Unable to load nvidia-gfxG05-kmp-default-470.129.06: Unknown symbol __x86_return_thunk
![](https://seccdn.libravatar.org/avatar/8a4d6f03a8879432d8563aefbf48e787.jpg?s=120&d=mm&r=g)
Hi, I just updated the NVIDIA drivers (without checking that I have backups of the old RPMs :-( ) and now, the driver won't load because of: nvidia: Unknown symbol __x86_return_thunk (err -2) 1. How do I fix this?
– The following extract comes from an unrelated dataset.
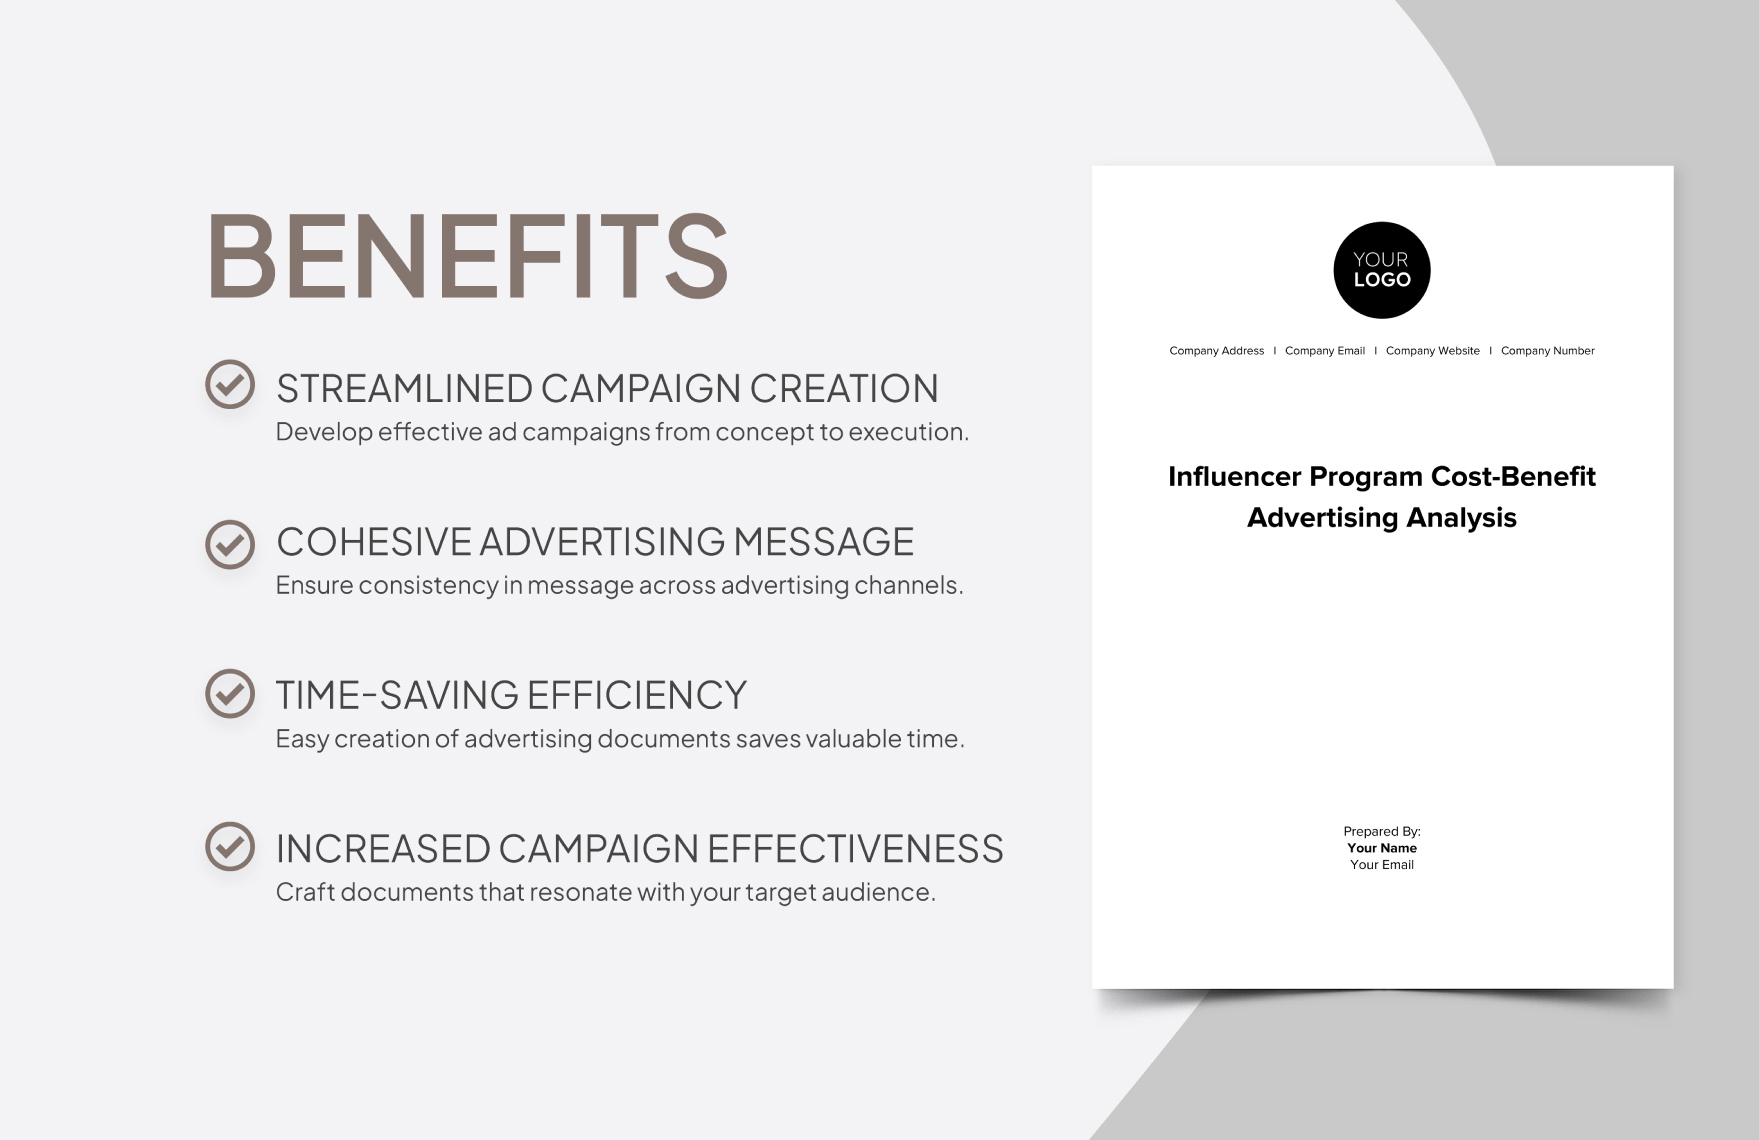 Influencer Program Cost-Benefit Advertising Analysis Template

This string isn't used anywhere in the sources: $ grep -r thunk /usr/src/kernel-modules/nvidia-470.129.06-default /usr/src/kernel-modules/nvidia-470.129.06-default/common/inc/nv-retpoline.h: ".weak __x86_indirect_thunk_" #REG ";" \ /usr/src/kernel-modules/nvidia-470.129.06-default/common/inc/nv-retpoline.h: ".type __x86_indirect_thunk_" #REG ", @function;" \ /usr/src/kernel-modules/nvidia-470.129.06-default/common/inc/nv-retpoline.h: "__x86_indirect_thunk_" #REG ":" \ /usr/src/kernel-modules/nvidia-470.129.06-default/common/inc/nv-retpoline.h: ".size __x86_indirect_thunk_" #REG ", .-__x86_indirect_thunk_" #REG) /usr/src/kernel-modules/nvidia-470.129.06-default/common/inc/nv-retpoline.h: ".weak __x86_indirect_thunk_" #REG ";" \ /usr/src/kernel-modules/nvidia-470.129.06-default/common/inc/nv-retpoline.h: ".type __x86_indirect_thunk_" #REG ", @function;" \ /usr/src/kernel-modules/nvidia-470.129.06-default/common/inc/nv-retpoline.h: "__x86_indirect_thunk_" #REG ":" \ /usr/src/kernel-modules/nvidia-470.129.06-default/common/inc/nv-retpoline.h: ".size __x86_indirect_thunk_" #REG ", .-__x86_indirect_thunk_" #REG) Übereinstimmungen in Binärdatei /usr/src/kernel-modules/nvidia-470.129.06-default/nvidia/nv-kernel.o_binary Übereinstimmungen in Binärdatei /usr/src/kernel-modules/nvidia-470.129.06-default/nvidia-modeset/nv-modeset-kernel.o_binary 2. Is there a place where I can find version 470.103.01 because that one still worked? Or would you recommend that I downgrade the kernel 5.3.18? Regards, -- Aaron "Optimizer" Digulla a.k.a. Philmann Dark "It's not the universe that's limited, it's our imagination. Follow me and I'll show you something beyond the limits." http://blog.pdark.de/
![](https://seccdn.libravatar.org/avatar/abdee805d4df05af9a496107100c582c.jpg?s=120&d=mm&r=g)
* Aaron Digulla <digulla@hepe.com> [07-26-22 12:41]:
Hi,
I just updated the NVIDIA drivers (without checking that I have backups of the old RPMs :-( ) and now, the driver won't load because of:
nvidia: Unknown symbol __x86_return_thunk (err -2)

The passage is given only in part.